Biallelic (homozygous or compound heterozygous) MUTYH disease variants | - Colonoscopy with polypectomy every 1 to 2 years, starting at 25 to 30 years of age.
- Colectomy in patients with any 1 of the following:
- Documented or suspected colorectal cancer.
- Multiple large/dysplastic polyps and/or significant polyp burden that cannot be effectively managed with colonoscopy and polypectomy.
- In patients with a subtotal colectomy with ileorectal anastomosis, sigmoidoscopy 6 months after surgery and annually thereafter.
- Upper endoscopy and duodenoscopy starting at age 30 to 35 years.
- Complete polypectomy or sampling of duodenal polyps at the time of initial polyp discovery and on each subsequent examination. An abnormal-appearing papilla should be biopsied.

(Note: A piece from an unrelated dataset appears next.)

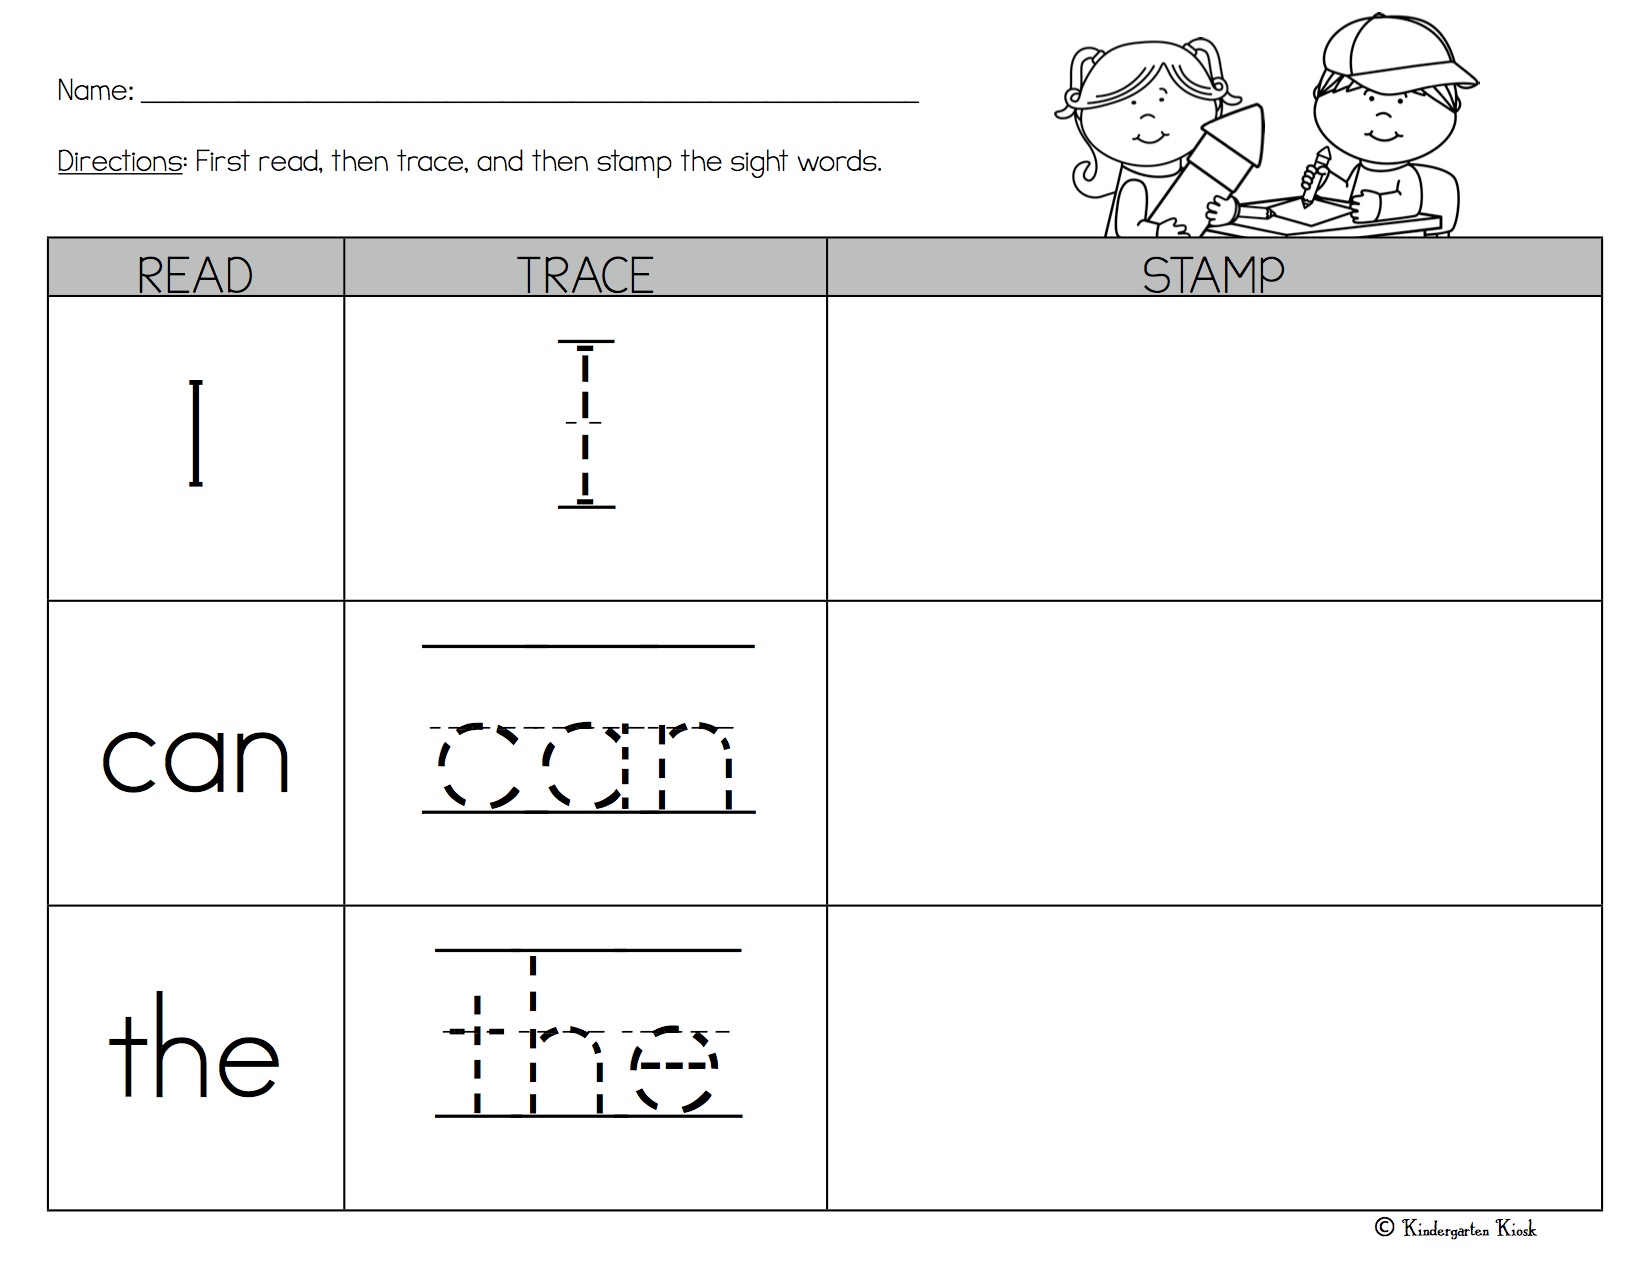 Wonders Kindergarten Sight Word Worksheets — Kindergarten Kiosk Pertaining To Sight Words Worksheet For Kindergarten

- Interval for subsequent upper endoscopy is based on the severity of duodenal polyposis as classified by the Modified Spigelman score:
- Stage 0: Every 4 to 5 years
- Stage I: Every 2 to 3 years
- Stage II: Every 1 to 3 years
- Stage III: Every 6 to 12 months
- Stage IV: In the absence of surgery (duodenectomy), surveillance every 6 months
- Annual thyroid screening by physical examination and ultrasound.
- Routine screening for other MAP-associated cancers is not recommended.